BEGIN THE DATA

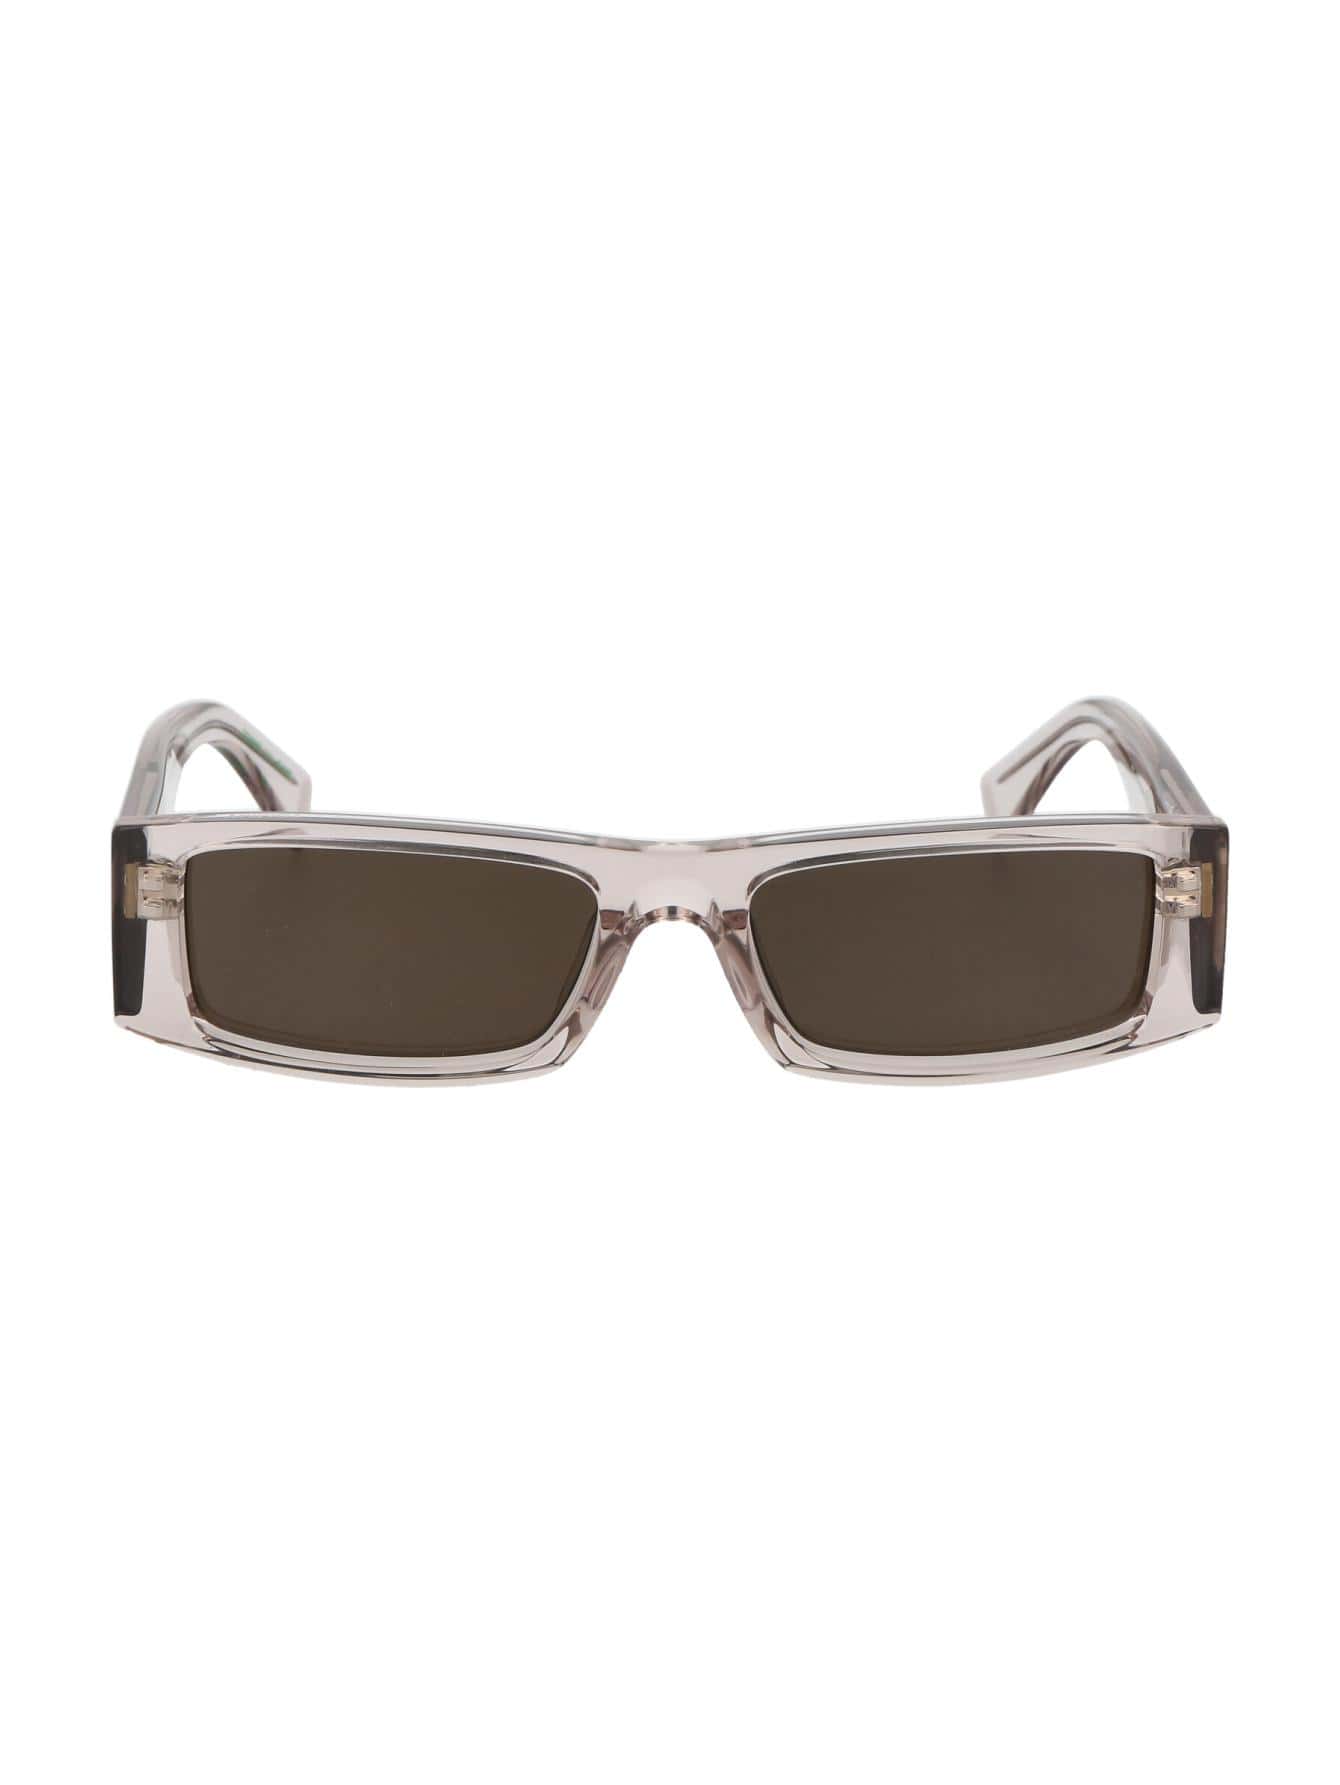 Мужские солнцезащитные очки Tommy Hilfiger DECOR TJ0092S10A70, многоцветный
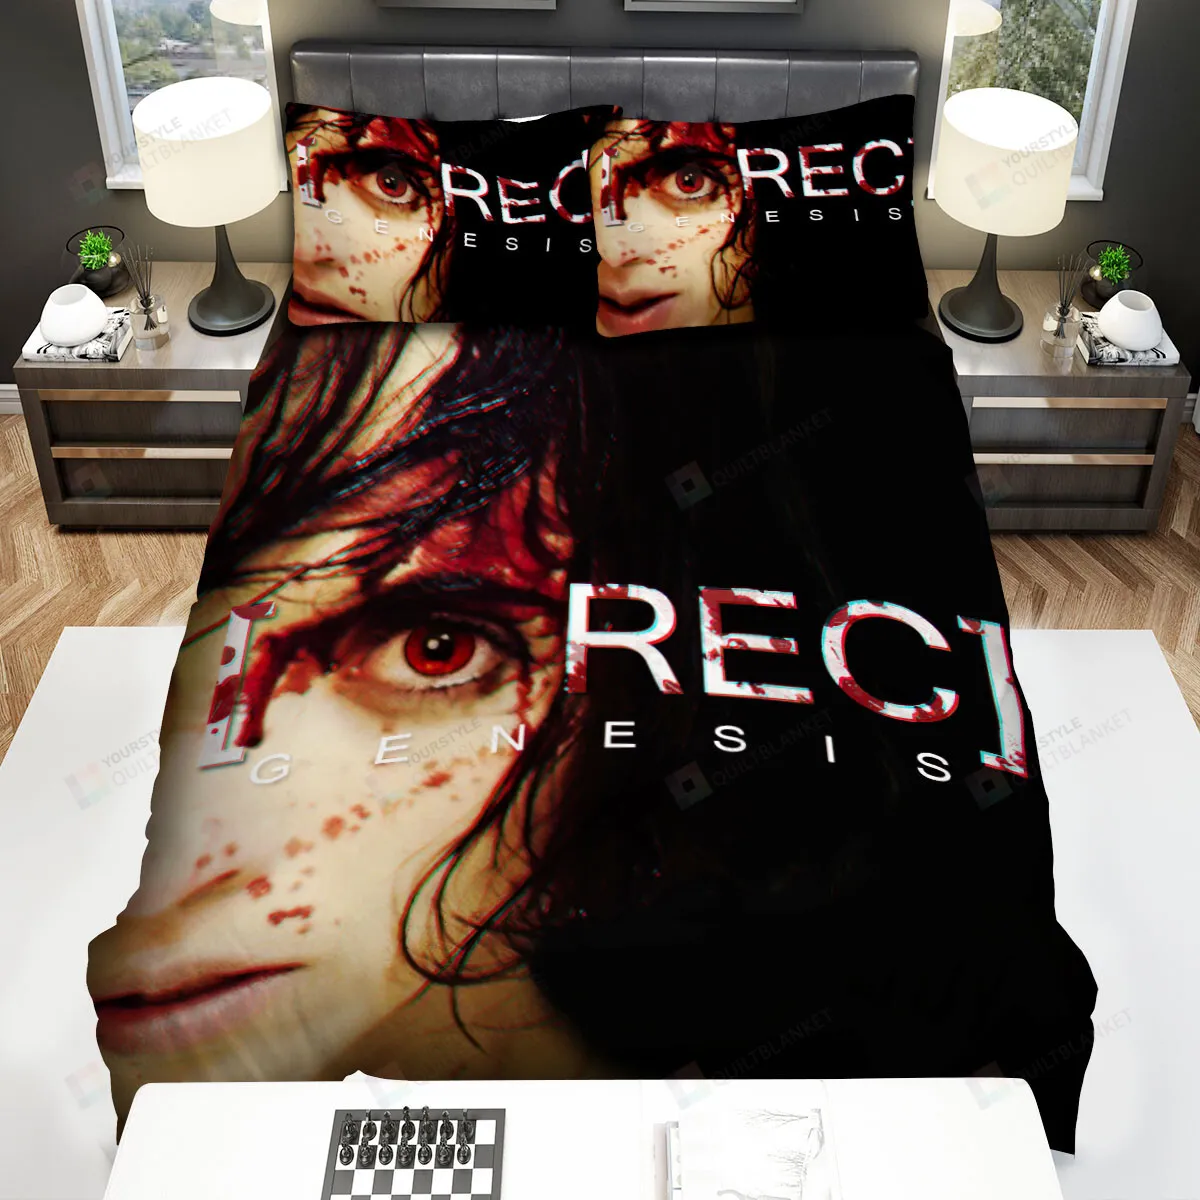 Rec 3 Genesis (2012) Blood Bed Sheets Spread Comforter Duvet Cover Bedding Sets
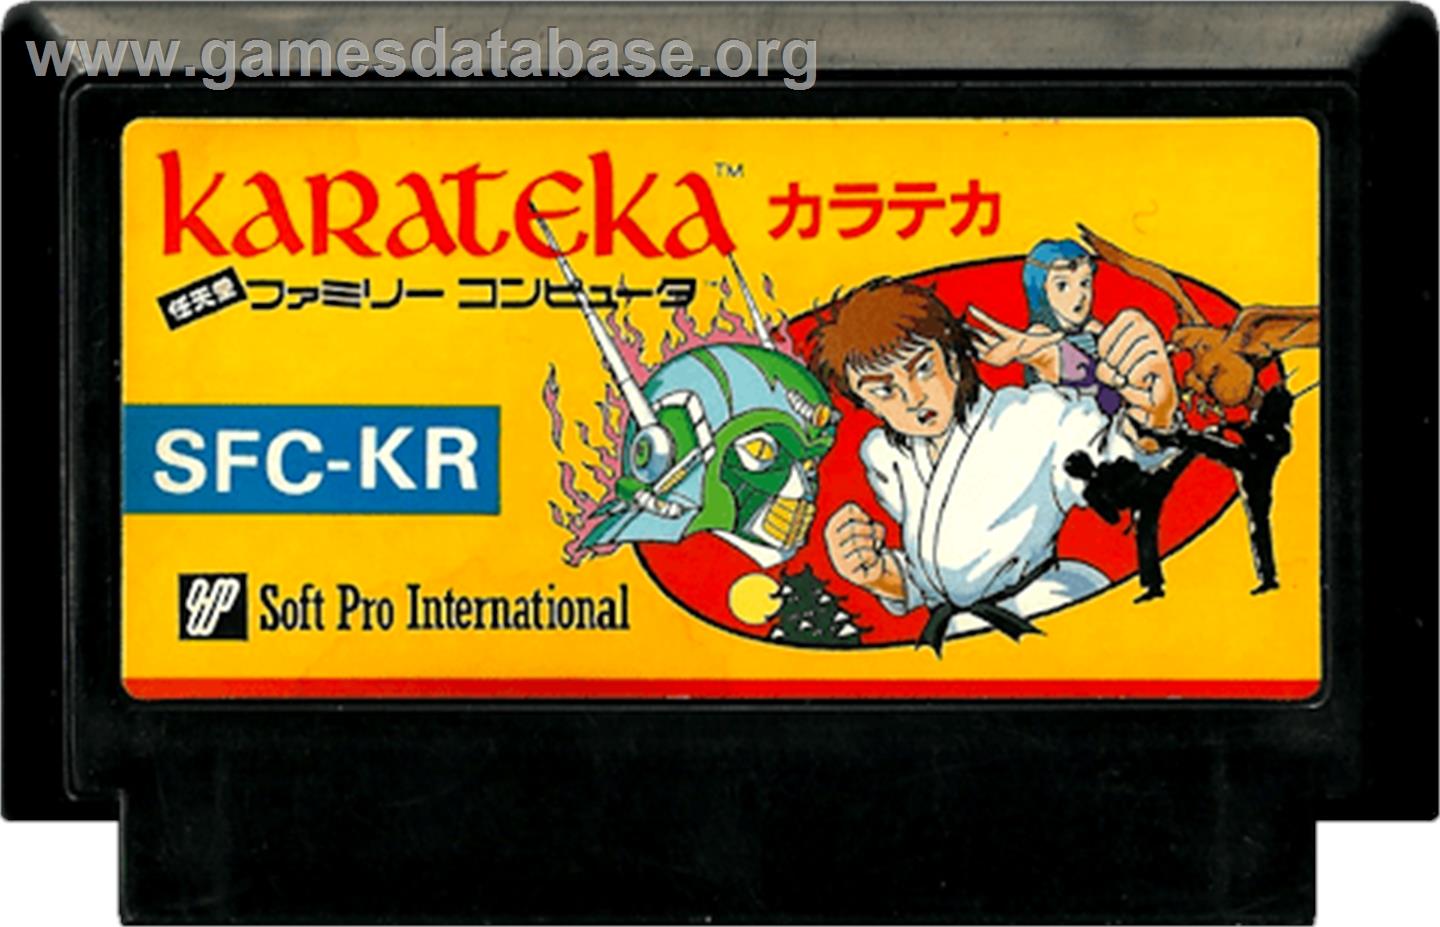 Karateka - Nintendo NES - Artwork - Cartridge
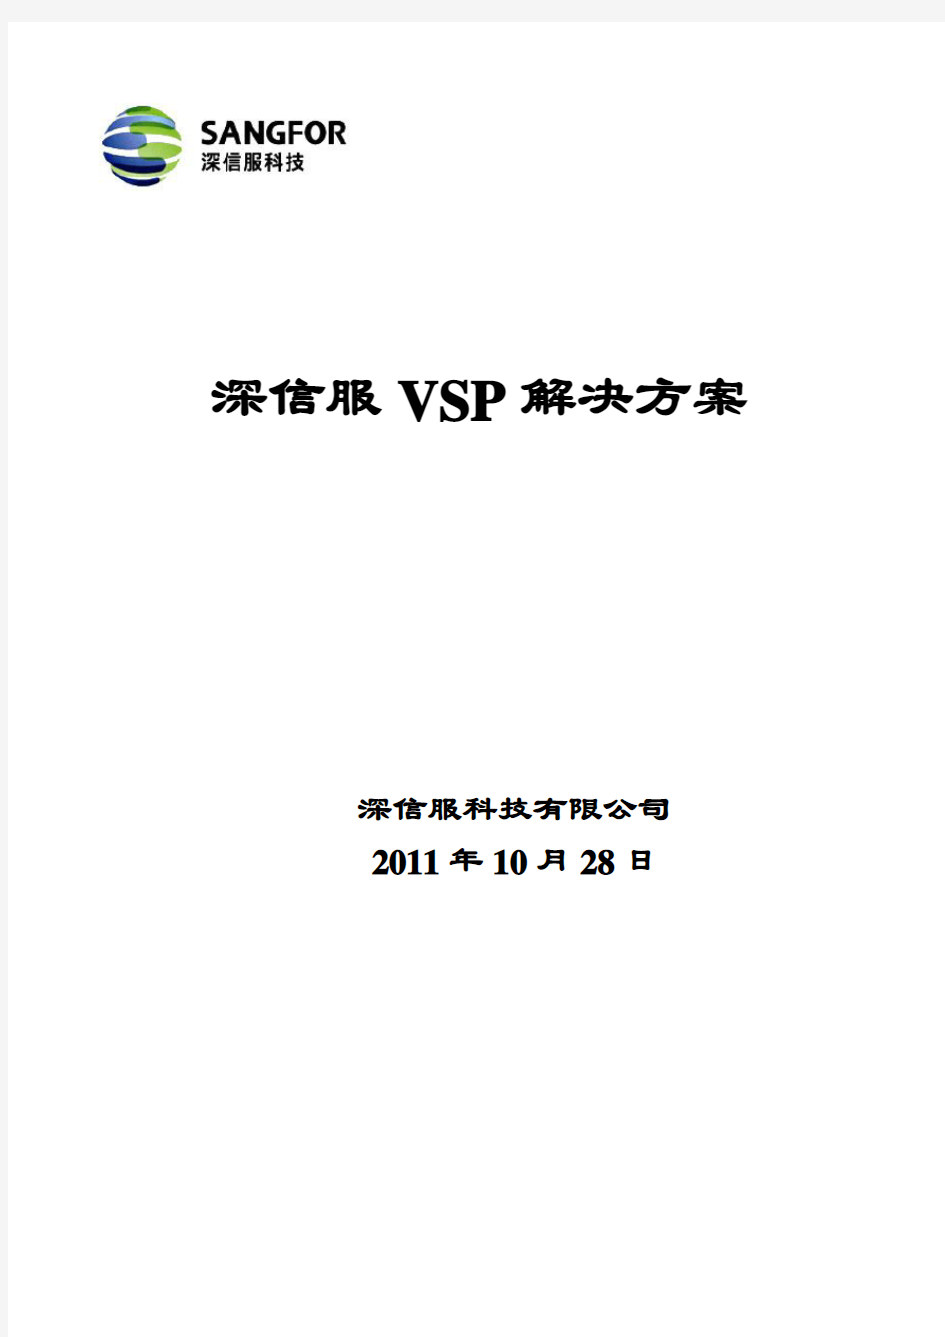 深信服VSP解决方案-201111

END THE DATA

→ **THE PROBLEM**
Would you output the data above exactly as written, but with no images?

→ **COMPLETED EXERCISE**
 Мужские солнцезащитные очки Tommy Hilfiger DECOR TJ0092S10A70, многоцветный
 Rec 3 Genesis (2012) Blood Bed Sheets Spread Comforter Duvet Cover Bedding Sets
 Karateka - Nintendo NES - Artwork - Cartridge
 深信服VSP解决方案-201111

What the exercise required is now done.